Он пристраивается рядом с маленьким круглым столиком, покрытым плюшевой скатеркой, и разворачивает газету, спрятавшись за ней, как за ширмой. Но трудно сосредоточиться на скучных газетных статьях, когда рядом сидит она, слегка наклонив голову на гибкой шее, похожей на стебелек ландыша. Танины руки бегают по клавишам, и по комнате разносятся однообразные звуки. Лида слушает, губы ее отсчитывают такт.
— Нет, Таня, не так! — останавливает она ученицу и показывает, как следует играть особо трудное место. И те же самые однообразные звуки вдруг словно окутываются прекрасным покрывалом. Пальцы Лиды придают им душу, силу и красоту.
— Теперь поняла?
Таня повторяет трудный отрывок, и снова блекнет, скучнеет мелодия. Нет, похоже, не поняла Таня. Еще много предстоит ей работы. Надо повторять упражнение снова и снова.
Лида записывает для нее задание к следующему уроку: три новые хроматические гаммы.
— Только выучи их хорошенько, Таня! Не меньше двух часов в день. Ну, Вениамин, пошли!
Она вскакивает со стула и начинает собирать ноты в свою черную блестящую папку. Вениамин сворачивает газету. Он просит, чтобы Лида сыграла ему что-нибудь из восточных мелодий.
— Только не Шопена, ладно? Надоел мне твой Шопен…

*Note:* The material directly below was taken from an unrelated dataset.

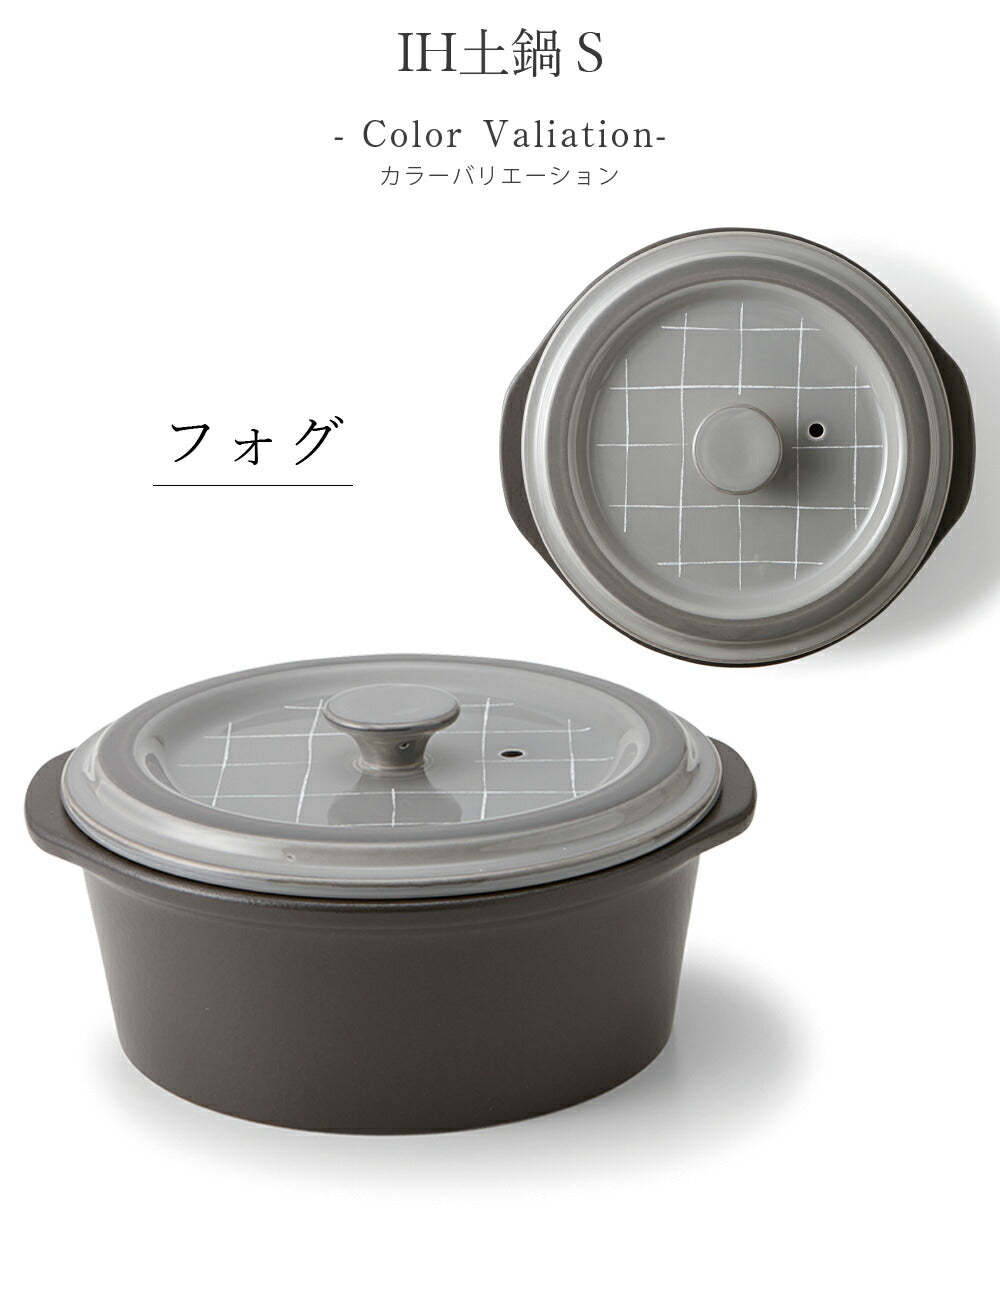 Earthen pot IH compatible, open flame compatible [IH earthen pot S] Retro floral pattern simple Japanese tableware [Maruri] [Silent-]

Лида задумывается, ее полузакрытые веки напоминают Вениамину радугу над озерной глубиной глаз. Но вот девушка начинает играть «Хайтарму» Спендиарова. Мелодия трепещет и бурлит, опадает, и гаснет, и снова набирает силу. В каждом звуке слышит Вениамин, как поет душа исполнительницы. Душа еврейской девушки из города Киева. А известны ли ей еврейские напевы, их грусть и юмор, их танцевальный ритм, веселящий хасидское сердце пуще любого вина? Из туманной памяти детства доносятся до Вениамина звуки мелодий родного местечка — песнопения «Третьей трапезы», напевы девушек, тоскующих о своих любимых, песни матерей над колыбелями.
Нет, незнакома эта музыка Лиде. Она живет в Ленинграде и никогда не сталкивалась с еврейской жизнью.

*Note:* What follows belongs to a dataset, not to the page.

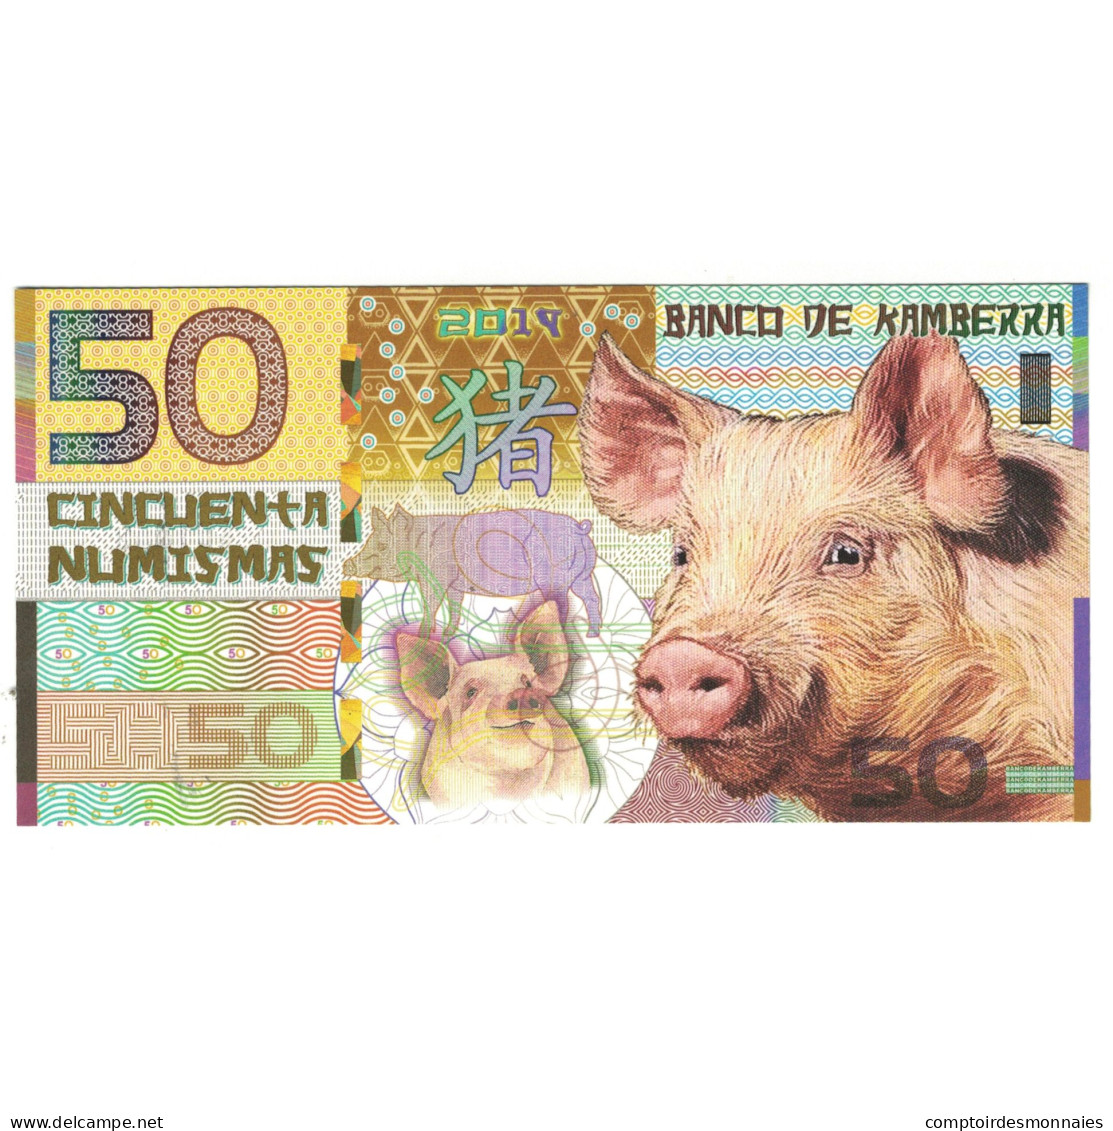 Billet, Australie, Billet Touristique, 2019, 50 Dollars ,Colorful Plastic - Fakes & Specimens

— Но пусть будет по-твоему, Вениамин, — говорит она. — Спой-ка нам что-нибудь такое.
Таня поддерживает подругу, и Вениамин запевает:
Он поет, а Лидины пальцы нащупывают, пробуют нужные клавиши… Минута — и вот уже мягкие звуки пианино сопровождают печальную еврейскую песню.
— Ах, товарищ студент, дались тебе эти жалобы… А ну-ка, Таня, давай нашу украинскую «Думку»! — говорит, войдя в комнату, Роман Назарович.

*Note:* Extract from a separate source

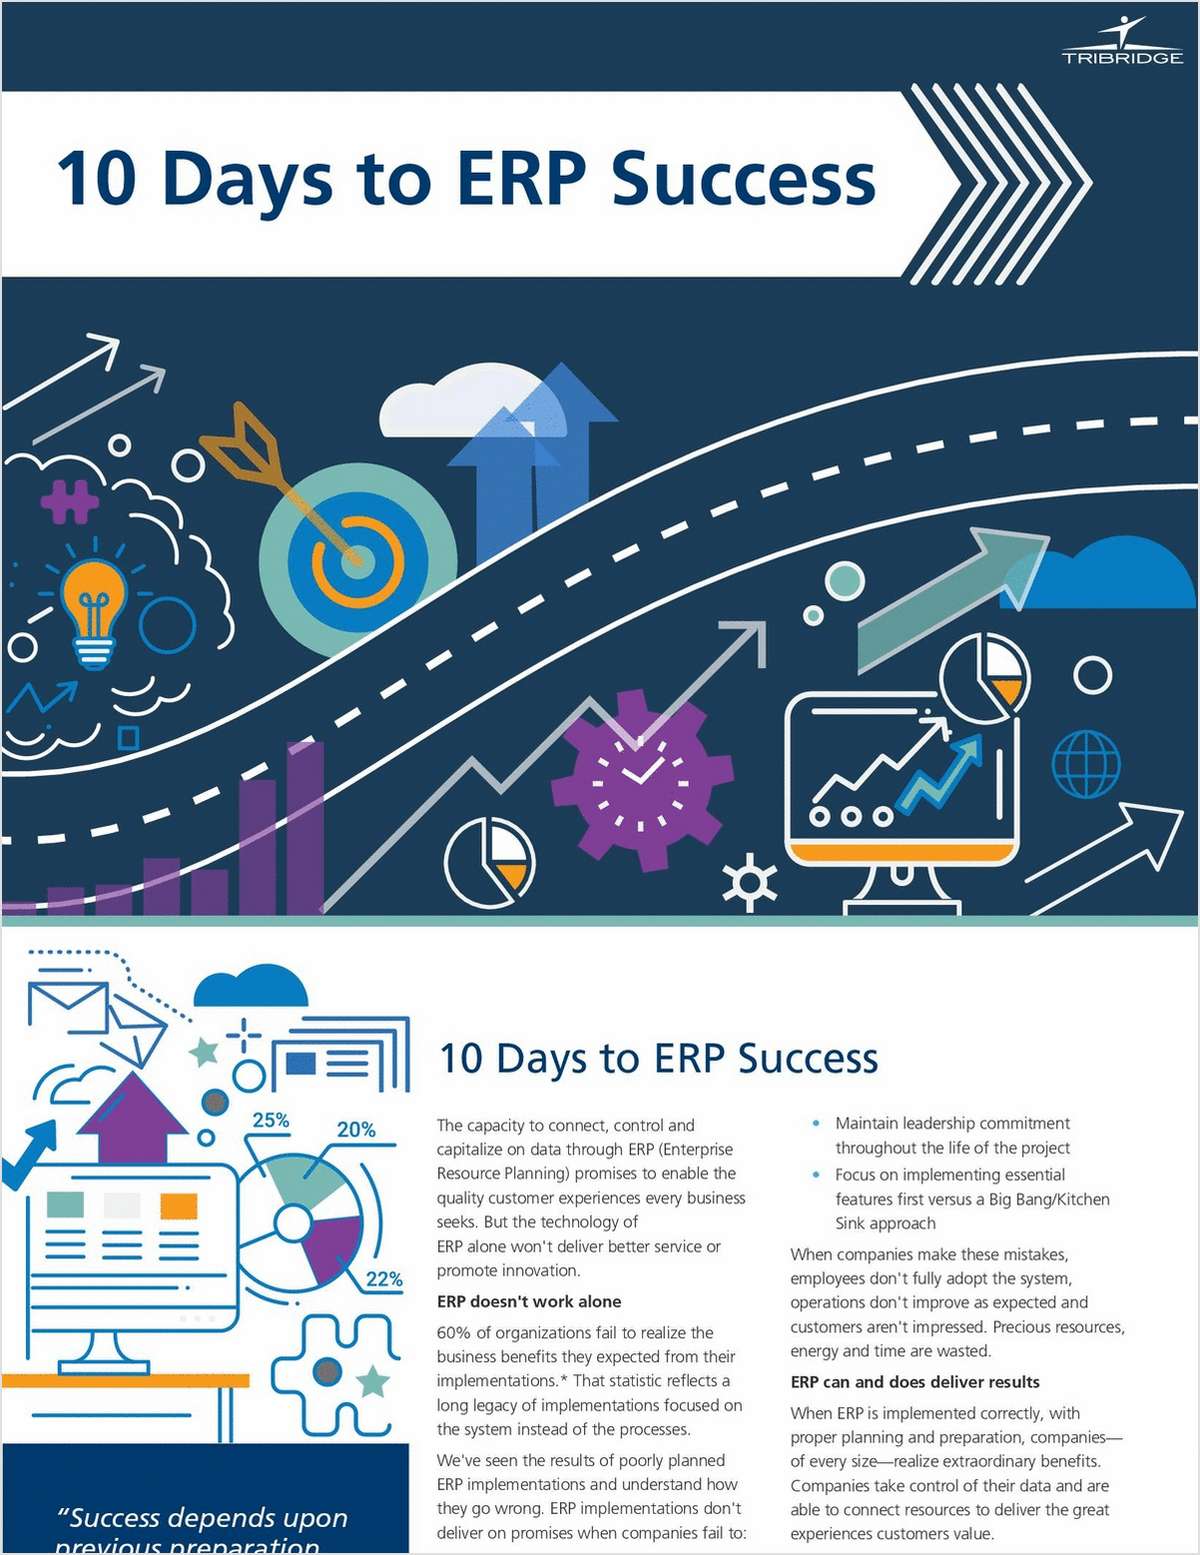 10 Days to ERP Success

Таня — его единственная, любимая дочь, радость и свет очей. Ради нее Иванчук готов на все. Годами откладывал копейку к копейке, чтобы купить девочке пианино, и не просто абы какое, но производства знаменитой фирмы «Блютнер»! И вот, пожалуйста: сидит свет его очей за настоящим «Блютнером», и мелодия «Думки» из оперы «Наталка Полтавка» разливается по комнате. Задумчивый украинский напев окутывает сердце, тревожит и радует его.
Настоящий интернационал музыки собрался сегодня в доме учителя Иванчука: Шопен и Спендиаров, народная еврейская песня и украинская опера. Звуки порхают по комнате и за окном, расцветают среди цветов, вспыхивают и гаснут.
Ненастный день. Влажный ветер гуляет по рынку, несет на своих крыльях первые опавшие листья осени, еще наполовину зеленые, но уже желтеющие. Деревья пока стоят в листве, но ветер охаживает их, треплет и трясет — авось слетит какой-нибудь не вполне здоровый лист в кутерьму площади.
Вениамин бродит по рынку, разглядывая дары земли, в изобилии выставленные на длинных прилавках, в мешках, плетеных корзинах, а то и просто наваленные грудами на земле. Цены низкие, но поторговаться все равно не мешает.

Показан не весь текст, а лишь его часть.